LEWISTON, Maine — The next mayor of the city will be either Mark W. Paradis, who pledges to work for more economic development, or Robert Macdonald, who pledges to slow the number of people he said are coming to Lewiston for welfare.
City voters will pick one of the two top vote-getters in a special election next month.
With five men running for mayor Tuesday, no candidate got a majority vote, or 50 percent plus, as required by the City Charter.
Unofficial returns show that Paradis got the most votes Tuesday, 2,967. Macdonald was a close second, 2,852.
Other candidates and the number of votes they received were Walter Hill, 1,442; Stanley Pelletier, 1,226; and Ronald Jean, 790.
The special election is expected to be held Dec. 13. The Lewiston City Council is holding a special meeting on that election at 6 p.m.

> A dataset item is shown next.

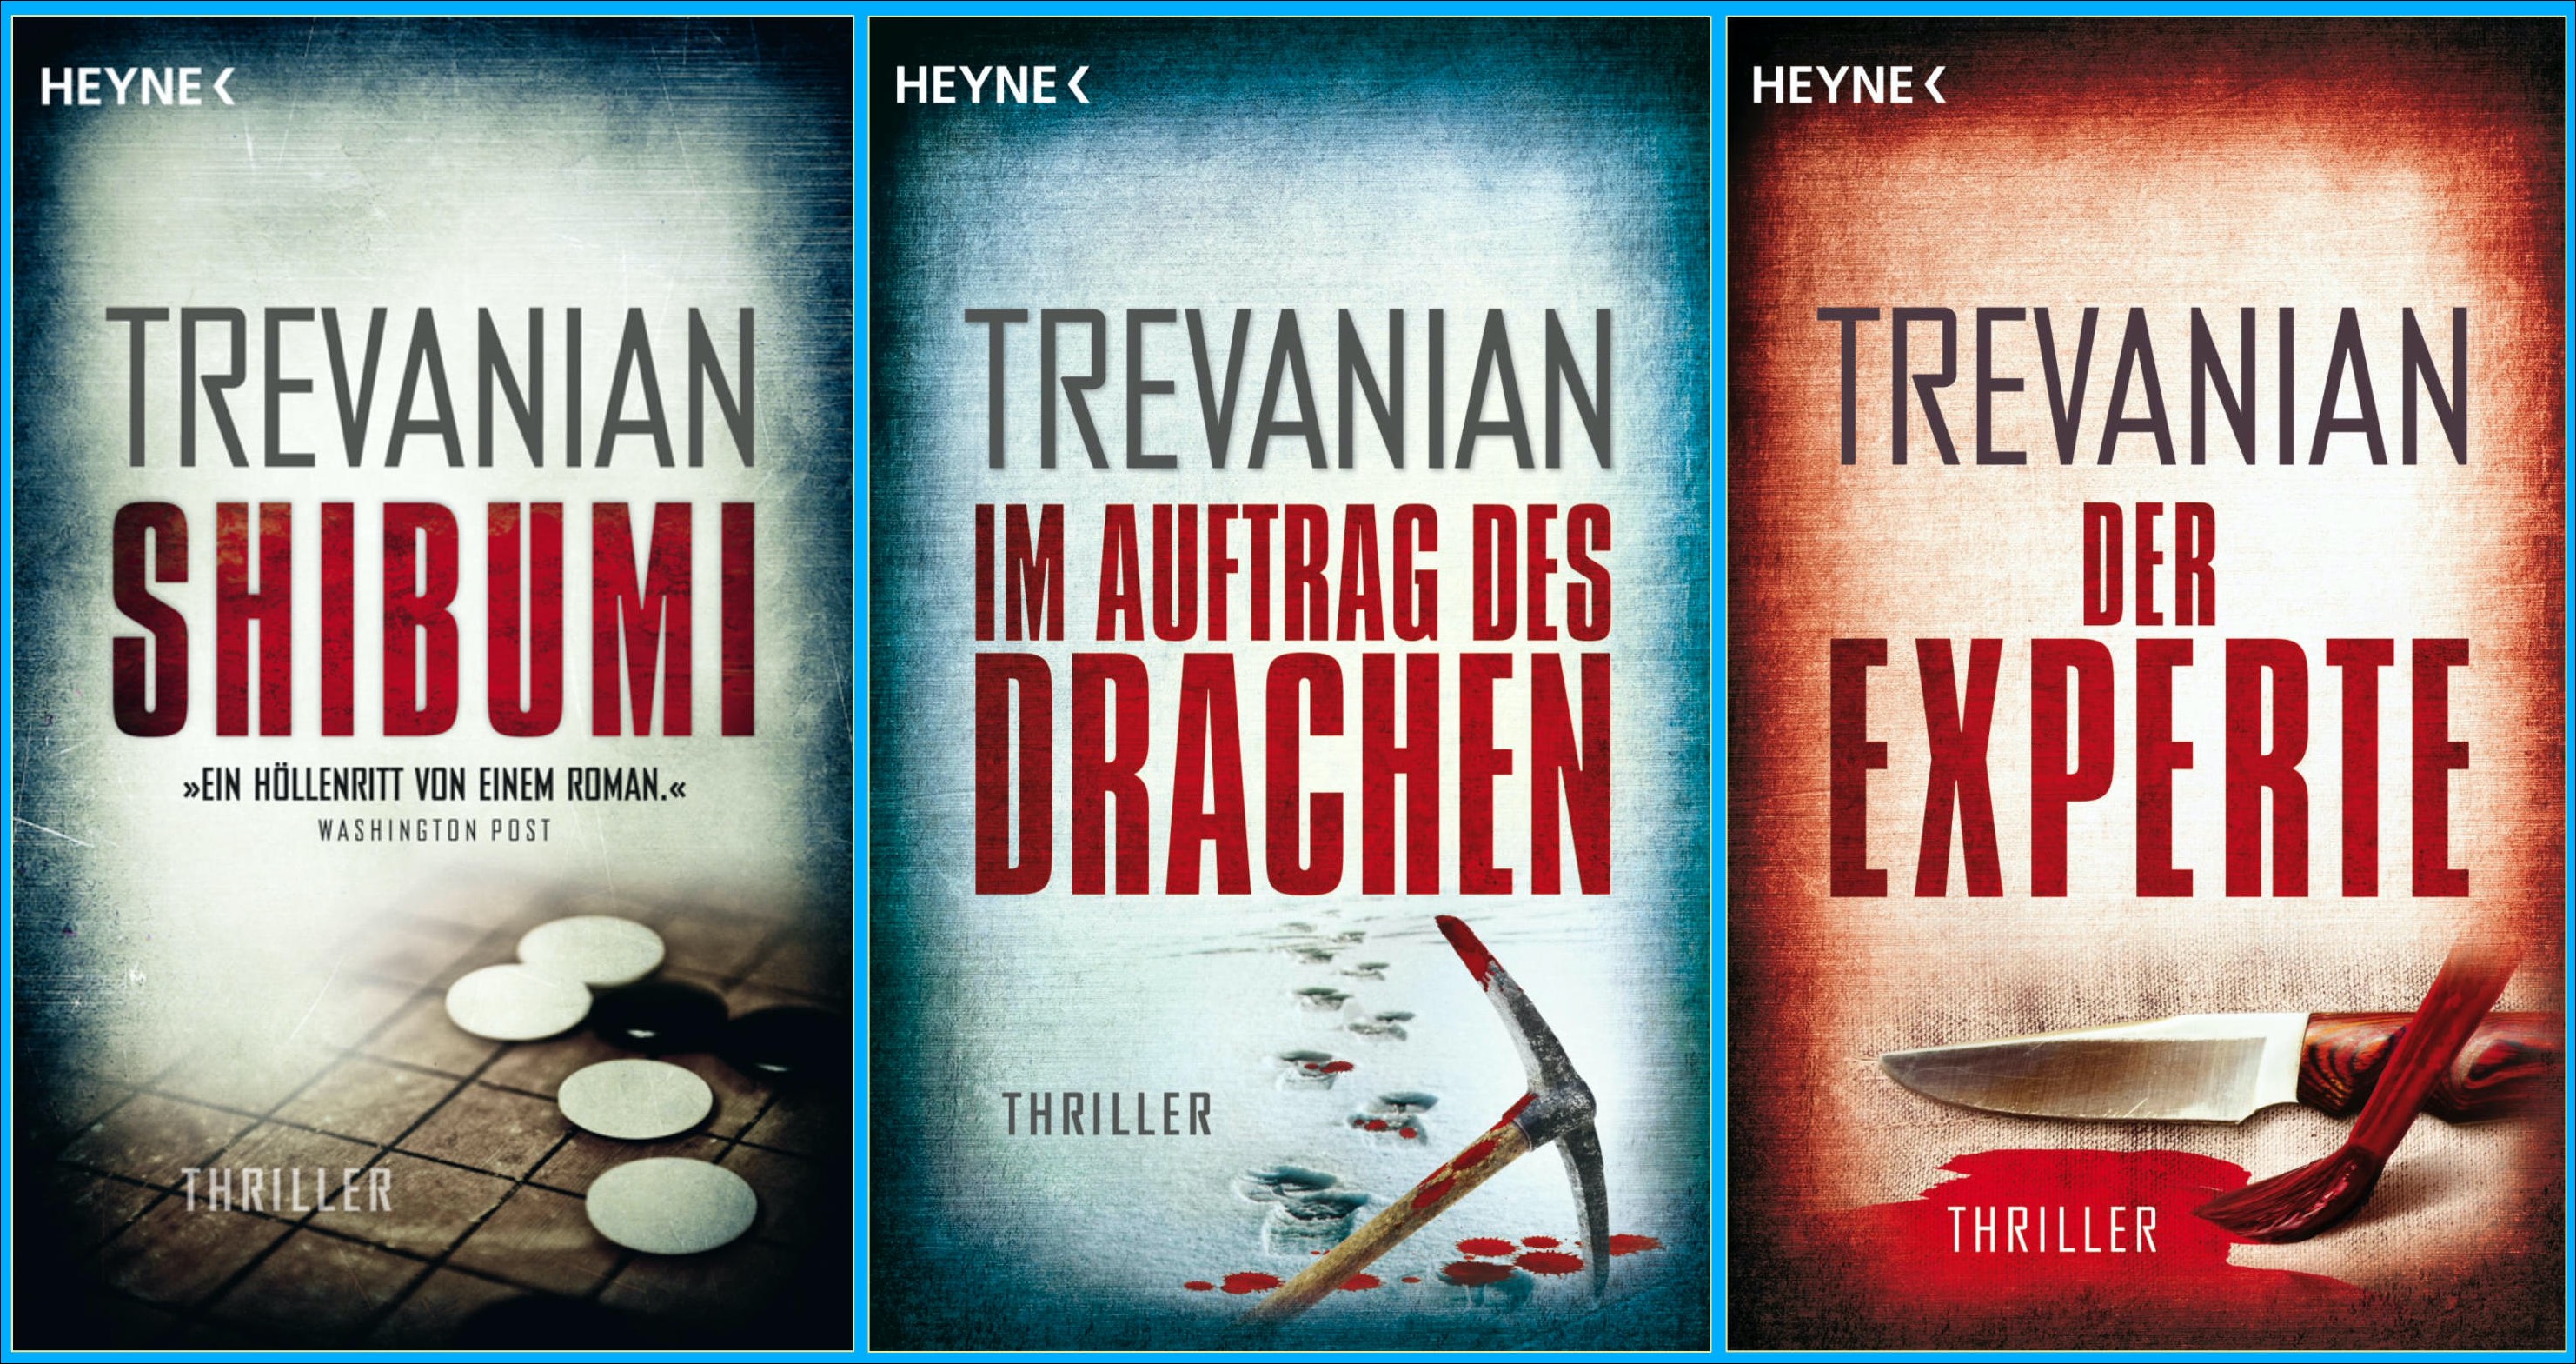 Die Cover-Bilder der drei Trevanian-Romane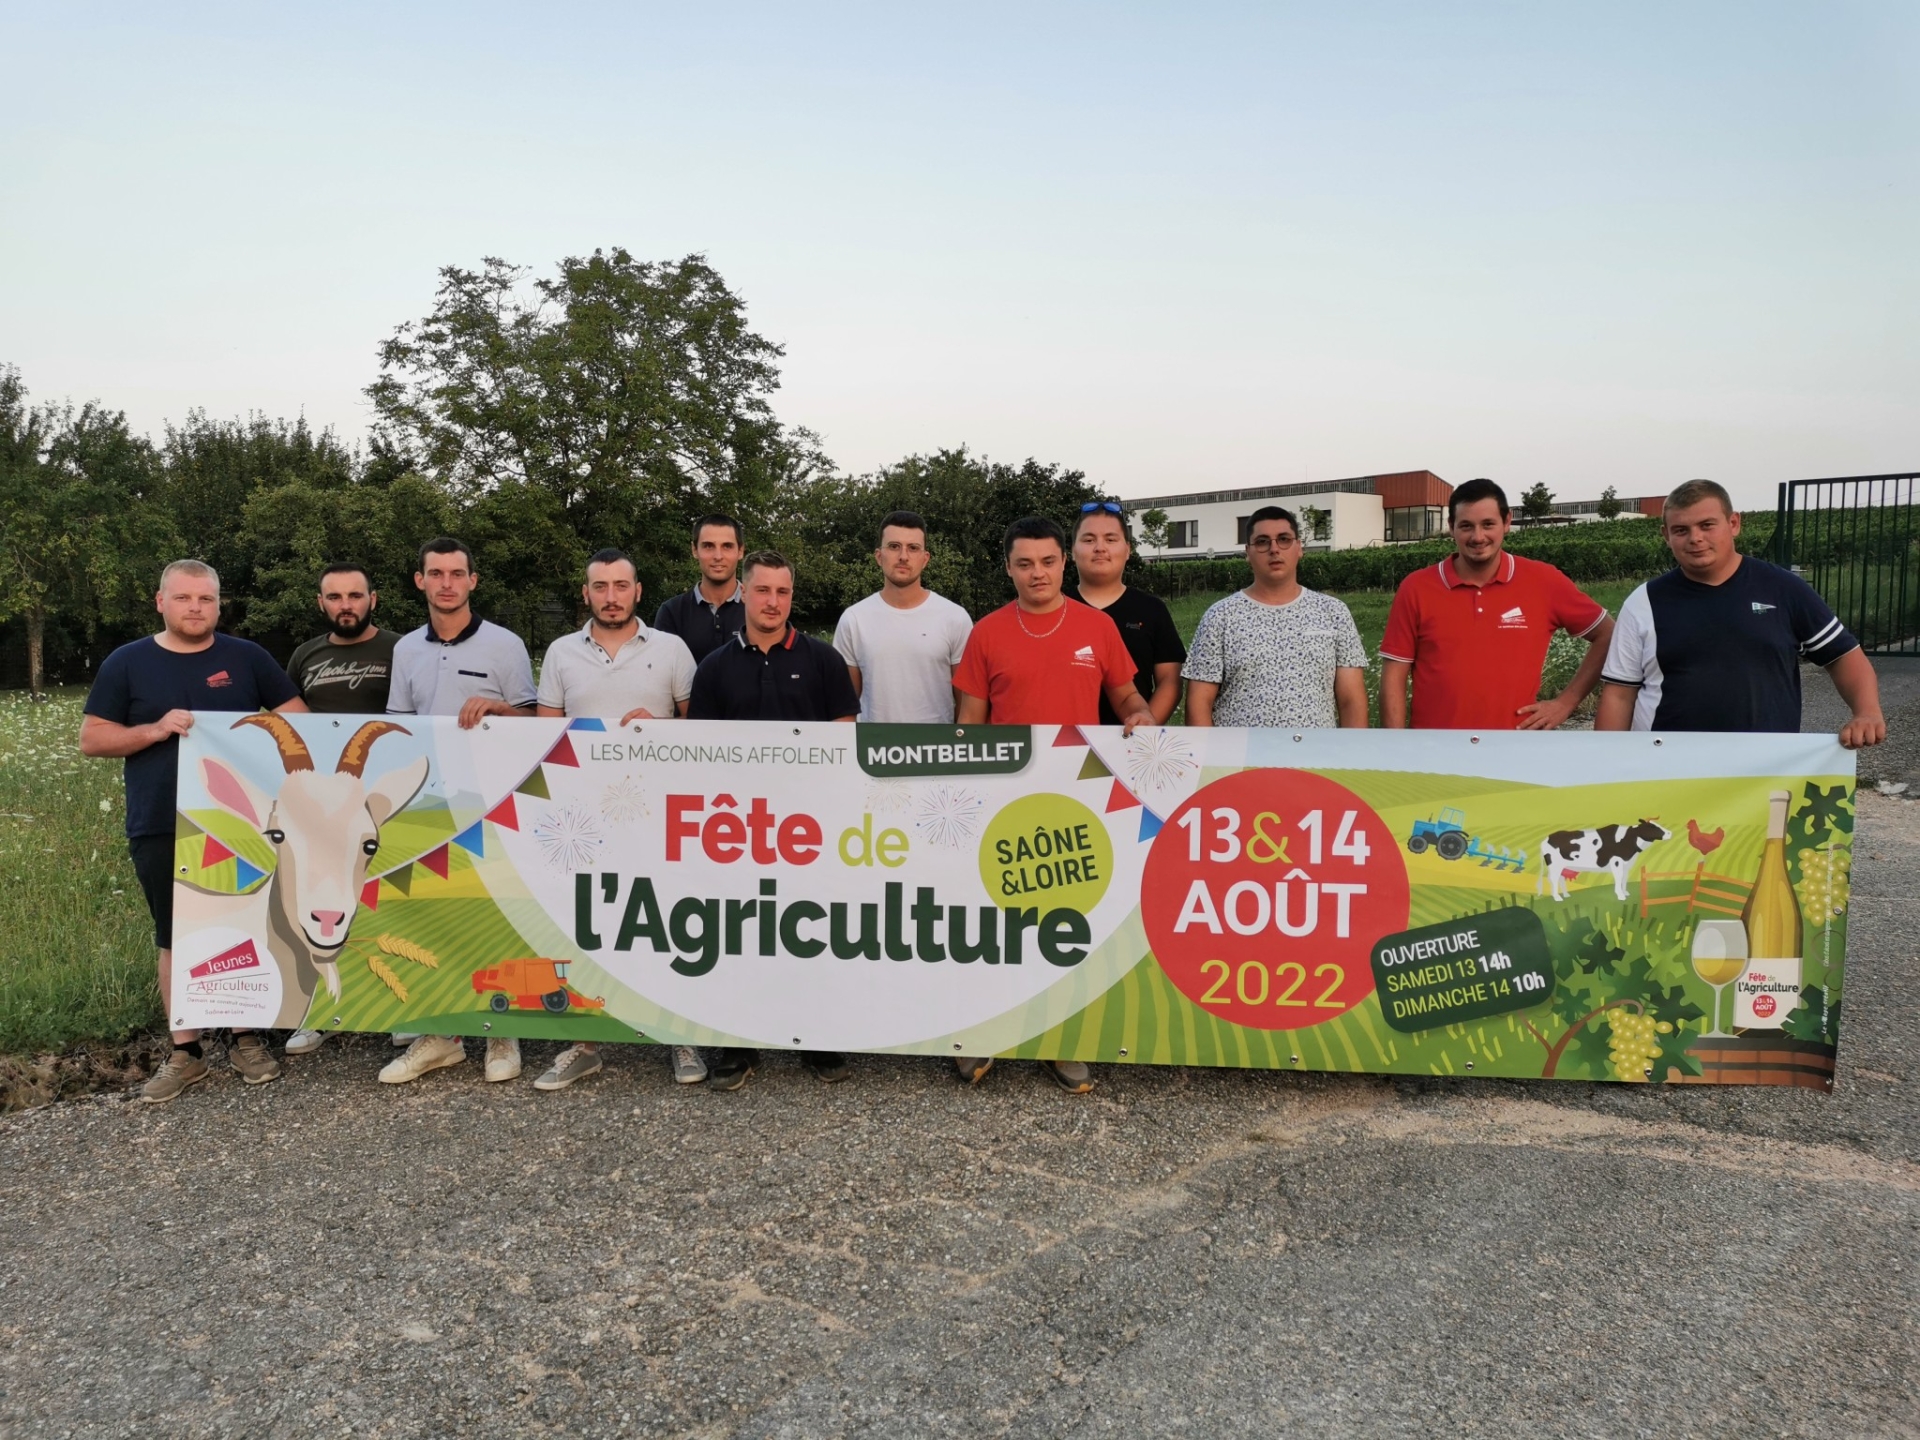 La Fête de l’agriculture 2022, c’est à Montbellet les 13 et 14 août

Wednesday.
Both Paradis and Macdonald said they were happy to be in the race.
“We worked hard. We have a good team,” Paradis said. “The message we sent was clear: expanding economic development, broadening our tax base, working with Auburn and the two city councils working together.”
Paradis supported the Lewiston casino, and said it not passing means the city will have “to back up and regroup. Together we have to come up with ideas of moving the city forward and create taxable development.”
Paradis also said that downtown has too many empty, old, blighted apartment buildings. Some need to come down, which would improve the downtown and the value of the remaining buildings.
He wants the city to move forward, Paradis said. “Our way is more friendly than Mr. Macdonald’s.”
Macdonald said he was pleased with the votes he received, crediting his supporters. “We made a good showing,” he said, adding he’ll work to get a better showing in the Dec. 13 election.
If elected, Macdonald said he’ll do two things. Create “a moratorium on Section 8 housing to prevent people from continuing to come in here from out-of-state and other countries, taxing us unbelievably.” Too many are coming to Lewiston “for welfare,” Macdonald said. “If somebody wants to come here for a job, please come. But we cannot afford to keep supporting these people.” In grocery stores you see the elderly counting pennies to buy a few items, while people on welfare with lots of food just swipe their cards, he said.
Second, he would push to start tearing down condemned apartment buildings. There’s no reason why so many in such poor shape are up, he said. “They’re slummy.”
Macdonald, 64, is a retired Lewiston Police Department detective who worked for the Lewiston School Department for 10 years. If elected, this would be his first political office.
Paradis, 59, works as a service manager, has been a city councilor, a member of the Lewiston Planning Board, the Finance Committee and Downtown Advisory Board.
Several voters at the Multi-Purpose Building said they voted for Macdonald because they agree that a big problem in Lewiston is too many people on welfare.
“He would make one hell of a mayor,” Rene Tassinari said. “He doesn’t accept handouts.”
Karen Morris-Arsenault said Macdonald “wants to be more conservative about the handouts.”
Other voters said they like and trust Paradis.
“I’ve known him for 25 years,” David Caron said. “I voted for Paradis because of his experience,” Abdirisak Maalin said.
In the Lewiston City Council race, unofficial returns show the winners are:
Ward 1, John Butler, who was uncontested; Ward 2, Donald D’Auteuil with 1,121 votes over Douglas Foss, who received 739; Ward 3, Nathan Libby, 580, over Brian Woodsome, 177; Ward 4, Doreen Christ, who was uncontested; Ward 5, Craig Saddlemire, who was uncontested; Ward 6, Mark Cayer won with 778 votes over Roger Roy, 483 votes, and Stephen Miller, 361; Ward 7, Richard Desjardins, who was uncontested.
In the Lewiston School Committee race, for the open Ward 1 post, Linda Scott won with 730 votes over Bette Thibeault, who received 292 votes.
Others School Committee winners are incumbent, uncontested candidates. They are: Ward 2, Paul St. Pierre; Ward 3, Eugene Dumont; Ward 4, James Handy; Ward 5, Sonia Taylor; and Ward 7, Thomas Shannon.
Three ran as write-in candidates for the citywide at-large seats. They are: Abdullahi Abdulle, Robert Connors and ZamZam Mohamud. Former City Councilor Elizabeth Dube is a write-in candidate for Ward 6.
According to the City Clerk’s Office, results for write-in candidates will not be validated and available until Wednesday.